Each assignment of values to variables ($\{\;W_a,W_b,W_c\;\}\mapsto \{\;\top,\bot\;\}$) defines one \emph{possible world} containing exactly those tuples annotated with $\top$ or with a variable assigned to $\top$.
The probability of this world is the joint probability of the corresponding assignments.
For example, let $P[W_a] = P[W_b] = P[W_c] = p$ and consider the possible world where $R = \{\;\tuple{a}, \tuple{b}\;\}$.
The corresponding variable assignment is $\{\;W_a \mapsto \top, W_b \mapsto \top, W_c \mapsto \bot\;\}$, and the probability of this world is $P[W_a]\cdot P[W_b] \cdot P[\neg W_c] = p^2-p^3$
\end{Example}
Prior efforts to generalize incomplete databases to bags~\cite{feng:2019:sigmod:uncertainty,DBLP:conf/pods/GreenKT07,DBLP:journals/sigmod/GuagliardoL17} replace the boolean annotations with natural numbers.

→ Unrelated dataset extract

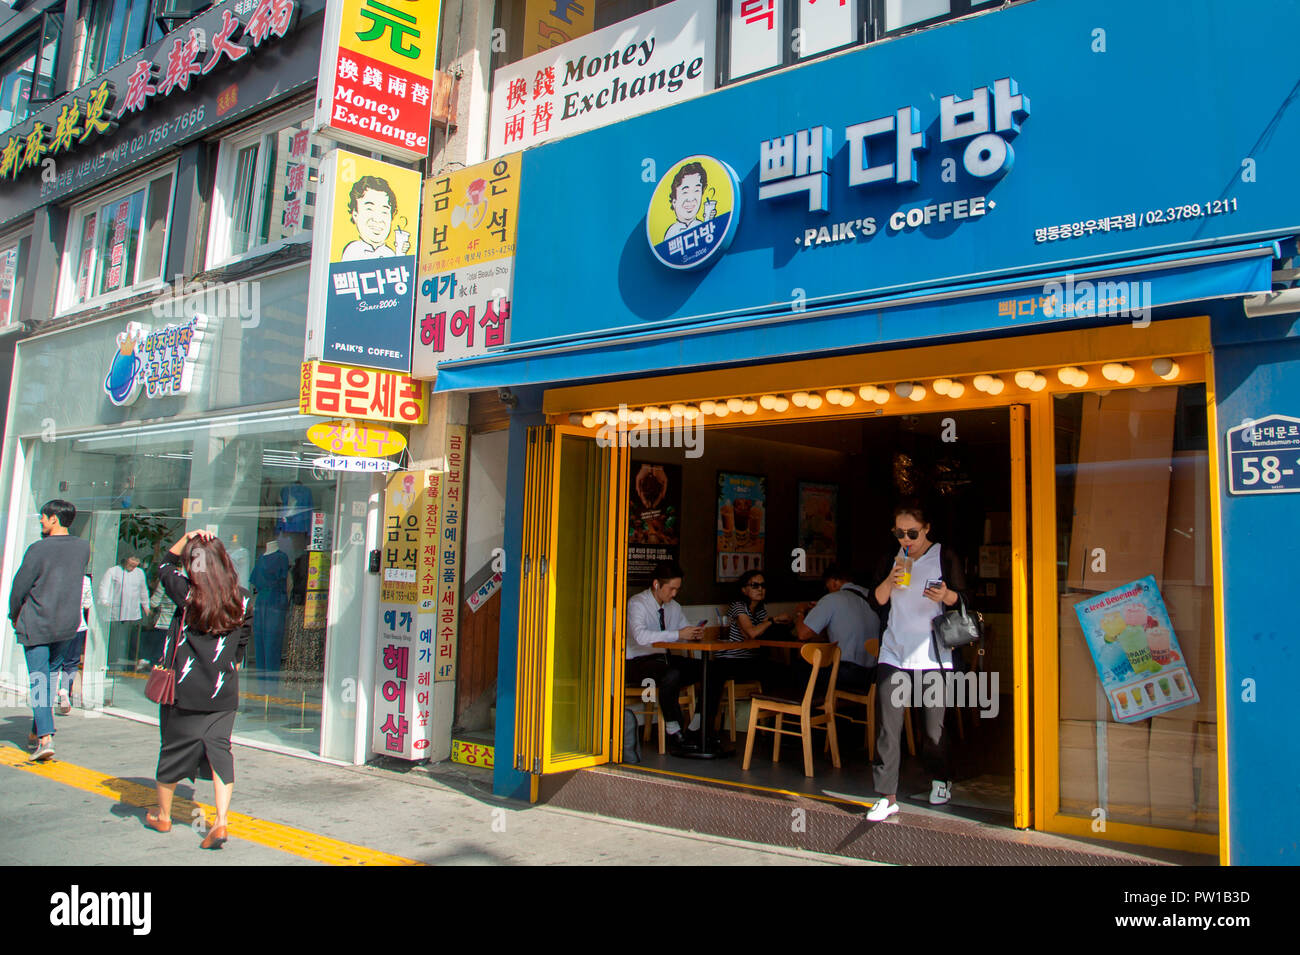 Paik's Coffee, Oct 4, 2018 : A branch of Paik's Coffee, one of major low-priced coffee drink retailers in South Korea, is seen at Myeongdong in central Seoul, South Korea. Paik's Coffee is headed by CEO Paik Jong-Won of parent company The Born Korea. Chef-entrepreneur Paik Jong-Won became a public figure after marrying famous actress So Yoo-Jin in 2013 as he has since appeared in many local TV shows. Credit: Lee Jae-Won/AFLO/Alamy Live News Stock Photo

Analogously, we generalize the above model of Set-PDBs to bags by using natural-number-valued random variables (i.e., $Dom(W_i) \subseteq \mathbb N$) and positive natural number constants.
Without loss of generality, we assume that input relations are sets (i.e. $Dom(W_i) = \{0, 1\}$), while query evaluation follows bag semantics.

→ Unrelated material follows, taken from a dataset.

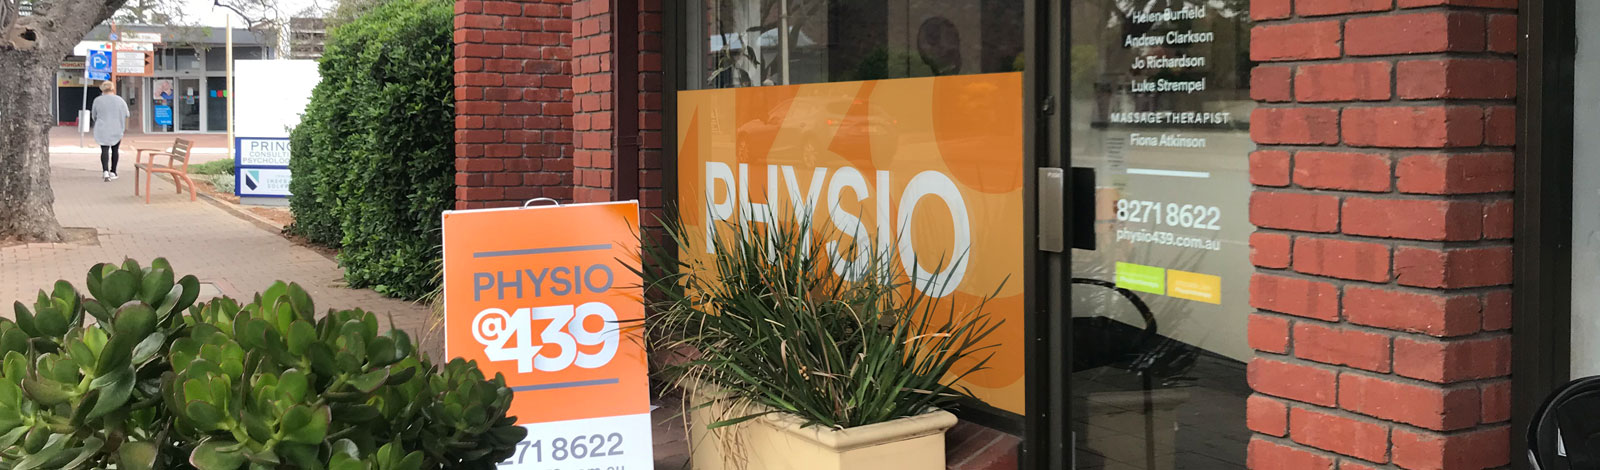 Adelaide Jaw Physiotherapy

We contrast bag and set query evaluation with the following example:
\begin{Example}\label{ex:bag-vs-set}
Continuing the prior example, we are given the following boolean (resp,. count) query
$$\poly() :- R(A), E(A, B), R(B)$$
The lineage of the result in a Set-PDB (resp., Bag-PDB) is a boolean formula (resp., polynomial) over random variables in the input (i.e., $W_a$, $W_b$, $W_c$).

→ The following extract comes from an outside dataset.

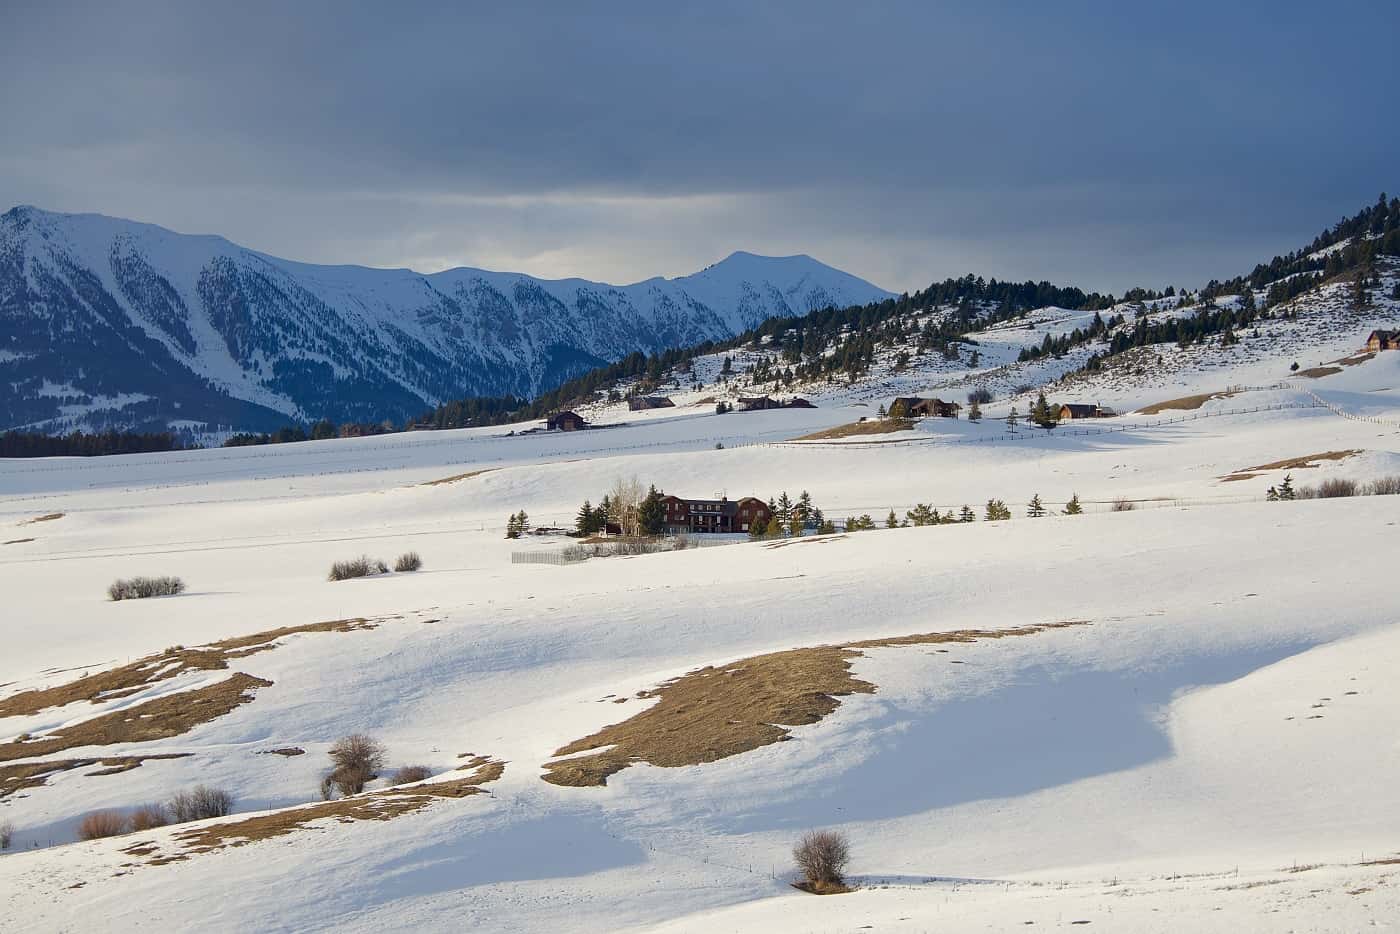 Scenic view of Howler's Inn during the winter

Because the boolean query has only a nullary relation, we write $Q(\cdot)$ to denote the function mapping variable assignments to a concrete value:
\begin{align*}
\poly_{set}(W_a, W_b, W_c) &= W_aW_b \vee W_bW_c \vee W_cW_a\\
\poly_{bag}(W_a, W_b, W_c) &= W_aW_b + W_bW_c + W_cW_a
\end{align*}
It is left as an exercise for the reader to show that, given assignments to $W_a$, $W_b$, $W_c$, these expressions correspond to the existence (resp., count) of the single nullary result tuple;
We show one possible world here, with the assignment $\{\;W_a\mapsto \top, W_b \mapsto \top, W_c \mapsto \bot\;\}$ (and the corresponding bag assignment),
The polynomials evaluate as:
\begin{align*}
&\poly_{set}(\top, \top, \bot) = \top\top \vee \top\bot \vee \top\bot = \top\\
&\poly_{bag}(1, 1, 0) = 1 \cdot 1 + 1\cdot 0 + 0 \cdot 1 = 1
\end{align*}
The Set-PDB query is satisfied in this possible world, while the Bag-PDB query produces a nullary tuple with a multiplicity of 1.
The marginal probability (resp., expected count) of this query is computed over all possible worlds:
{\small
\begin{align*}
P[\poly_{set}] &= \sum_{w_i \in \{\top,\bot\}} \mu(\poly_{set}(w_a, w_b, w_c))P[W_a = w_a,W_b = w_b,W_c = w_c]\\
\expct[\poly_{bag}] &= \sum_{w_i \in \{0,1\}} \poly_{bag}(w_a, w_b, w_c)\cdot P[W_a = w_a,W_b = w_b,W_c = w_c]
\end{align*}
}
\end{Example}
Note that the query of \cref{ex:bag-vs-set} in set semantics is indeed \sharpphard, since it non-hierarchical~\cite{10.1145/1265530.1265571}.
To see why computing this probability is hard, observe that the clauses of the disjunctive normal form boolean lineage are neither independent nor disjoint, forcing~\cite{DBLP:journals/vldb/FinkHO13} the use of Shannon decomposition, which is at worst exponential in the size of the input.
% \begin{equation*}
% \expct\pbox{\poly(W_a, W_b, W_c)} = W_aW_b + W_a\overline{W_b}W_c + \overline{W_a}W_bW_c = 3\prob^2 - 2\prob^3
% \end{equation*}
% In general, such a computation can be exponential in the size of the database.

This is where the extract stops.